Copy the material below verbatim from the line with "70s Dresses –" to the line with "gratuitoWING 1522mm F-16", both lines included, omitting pictures and every line outside that range.

(Extracted information Opens)

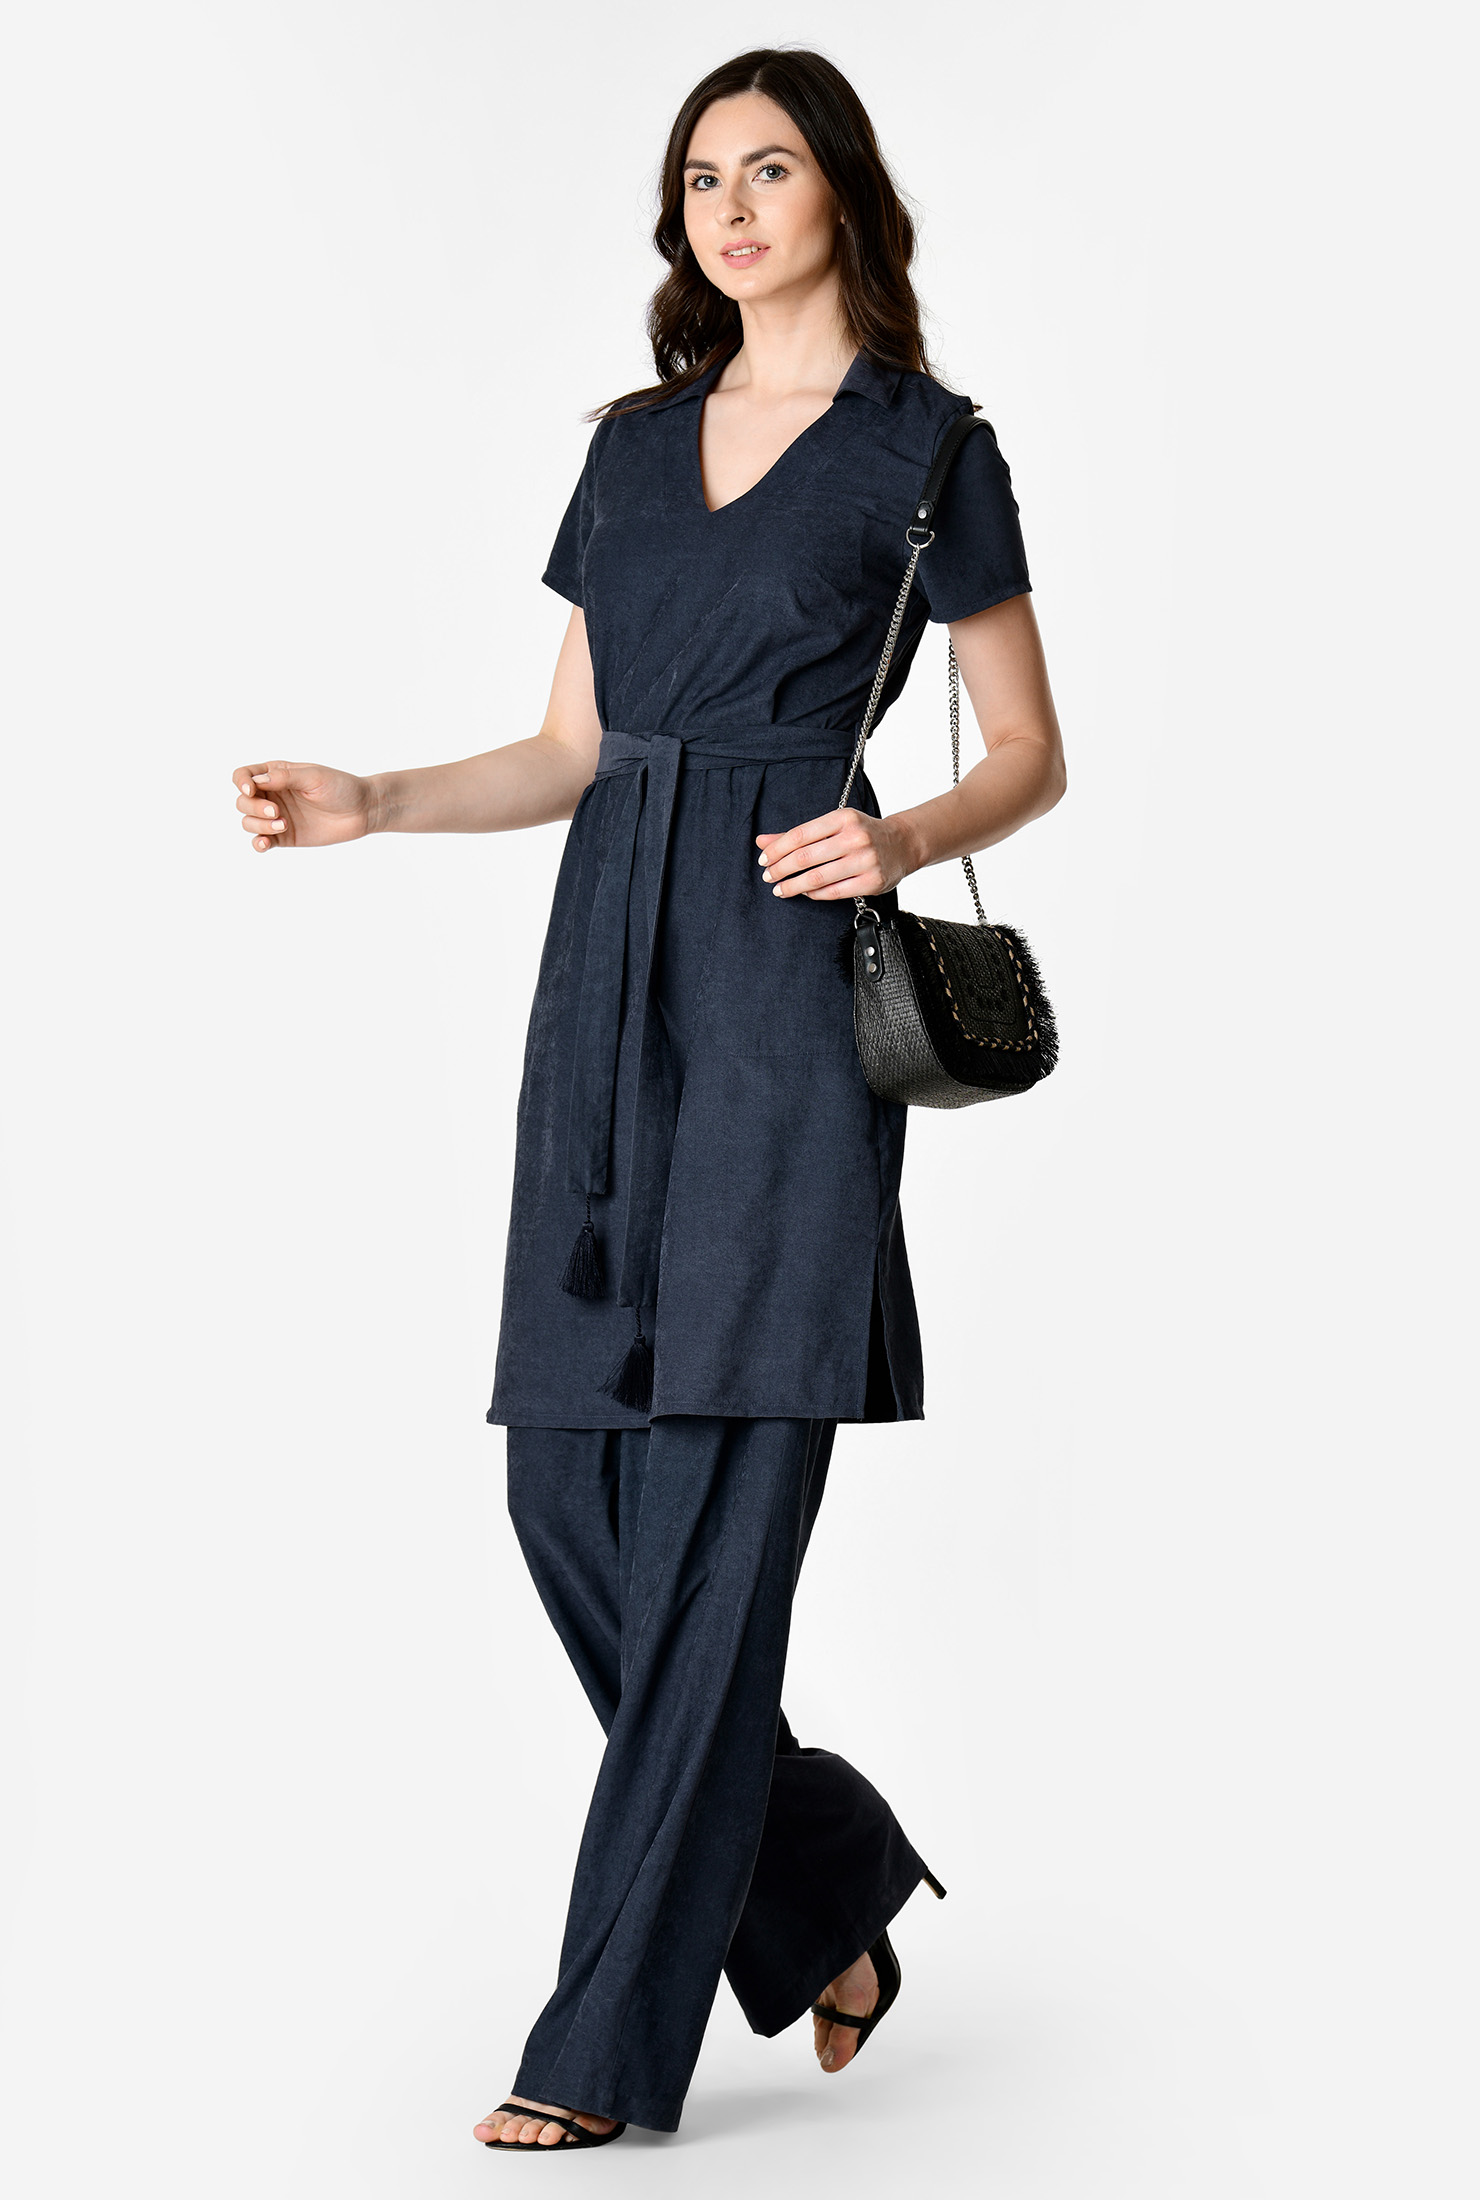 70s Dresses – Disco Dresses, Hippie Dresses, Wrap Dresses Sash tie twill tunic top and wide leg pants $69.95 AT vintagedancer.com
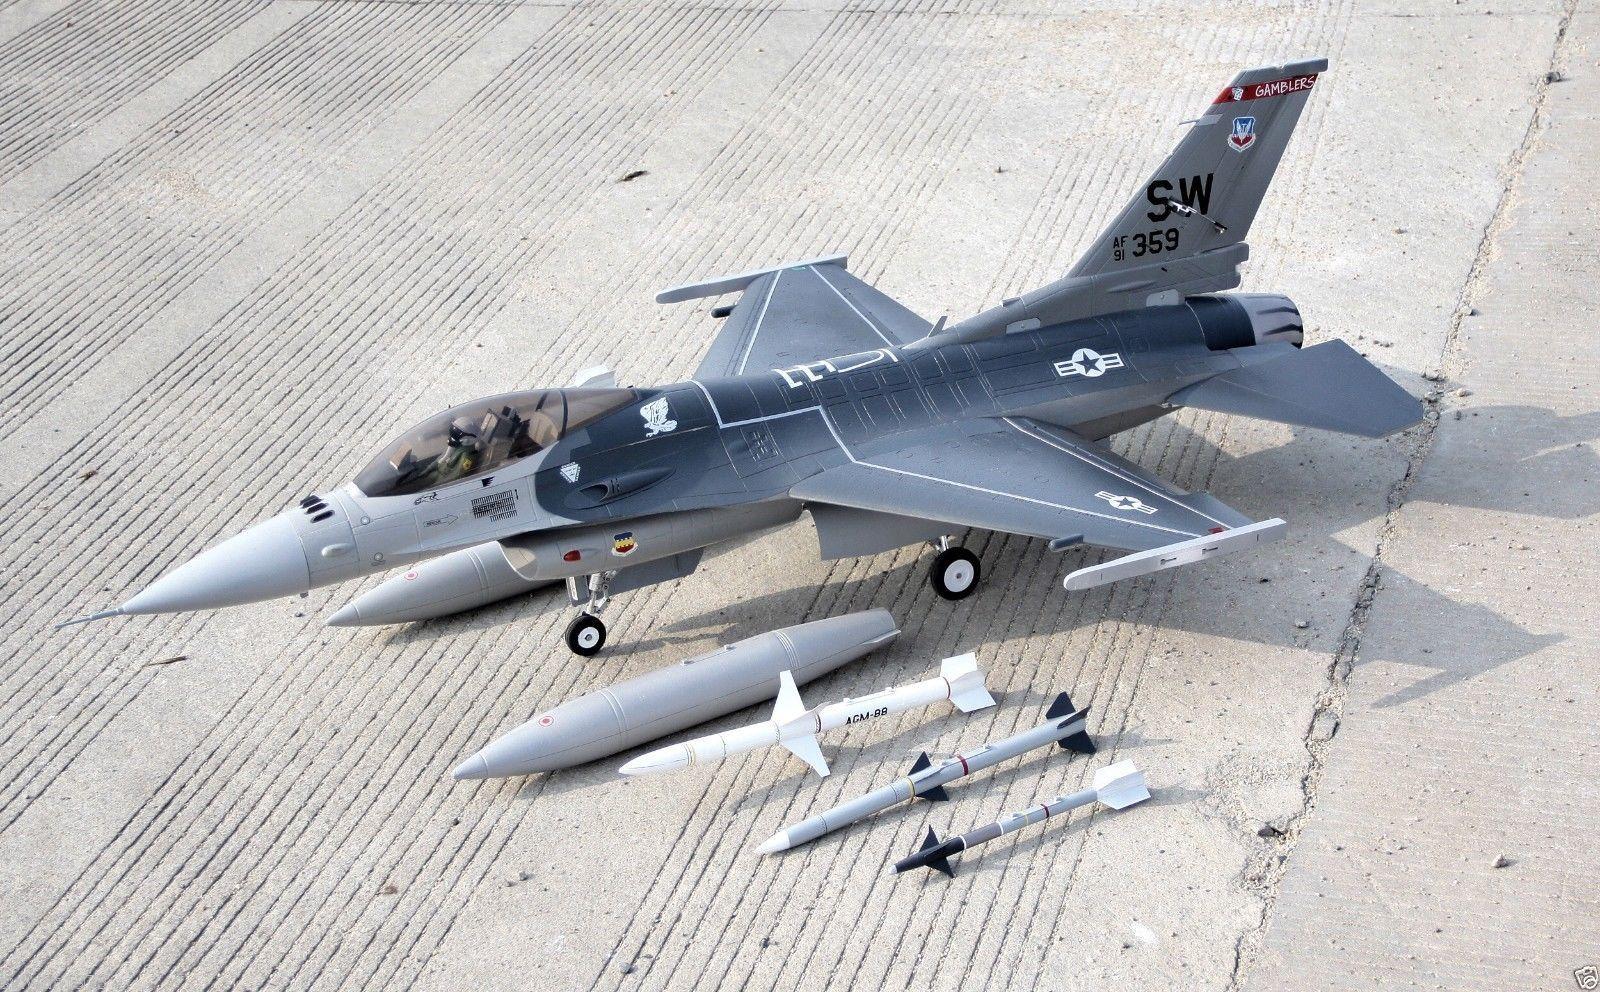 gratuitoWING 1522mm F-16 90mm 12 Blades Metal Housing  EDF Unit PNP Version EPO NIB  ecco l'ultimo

(Extracted information Closes)
(Extracted information Opens)

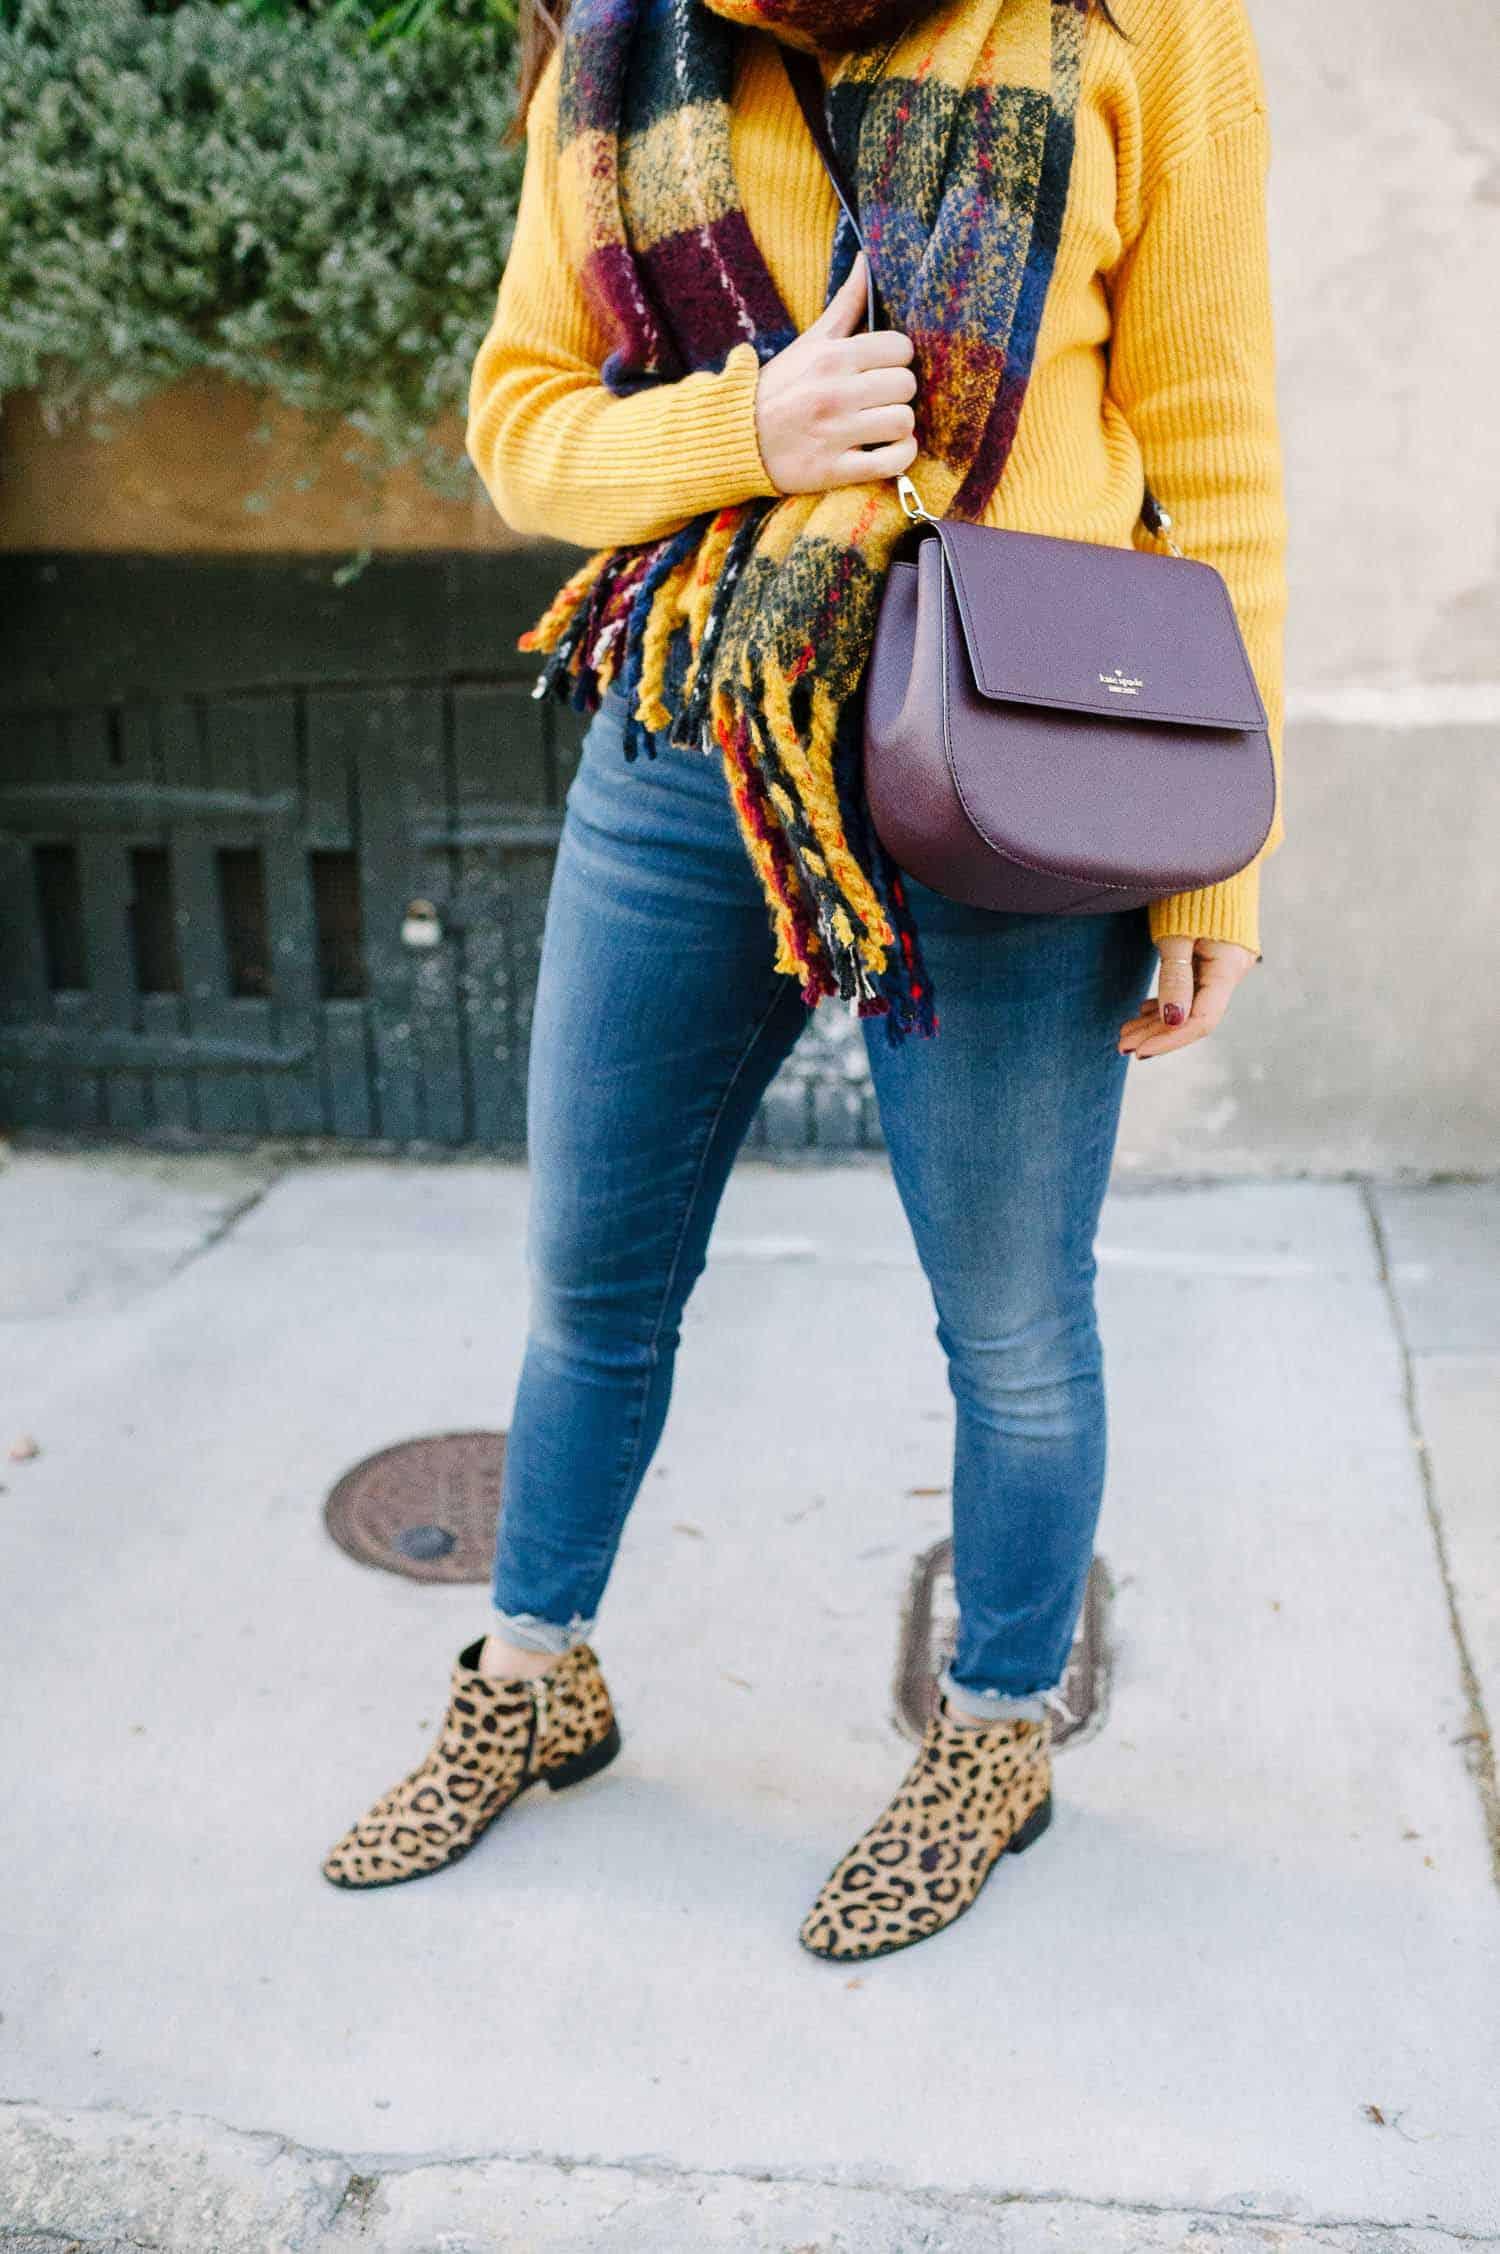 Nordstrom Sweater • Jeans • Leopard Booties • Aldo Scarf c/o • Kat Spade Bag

(Extracted information Closes)

# Expected output
 70s Dresses – Disco Dresses, Hippie Dresses, Wrap Dresses Sash tie twill tunic top and wide leg pants $69.95 AT vintagedancer.com
 gratuitoWING 1522mm F-16 90mm 12 Blades Metal Housing  EDF Unit PNP Version EPO NIB  ecco l'ultimo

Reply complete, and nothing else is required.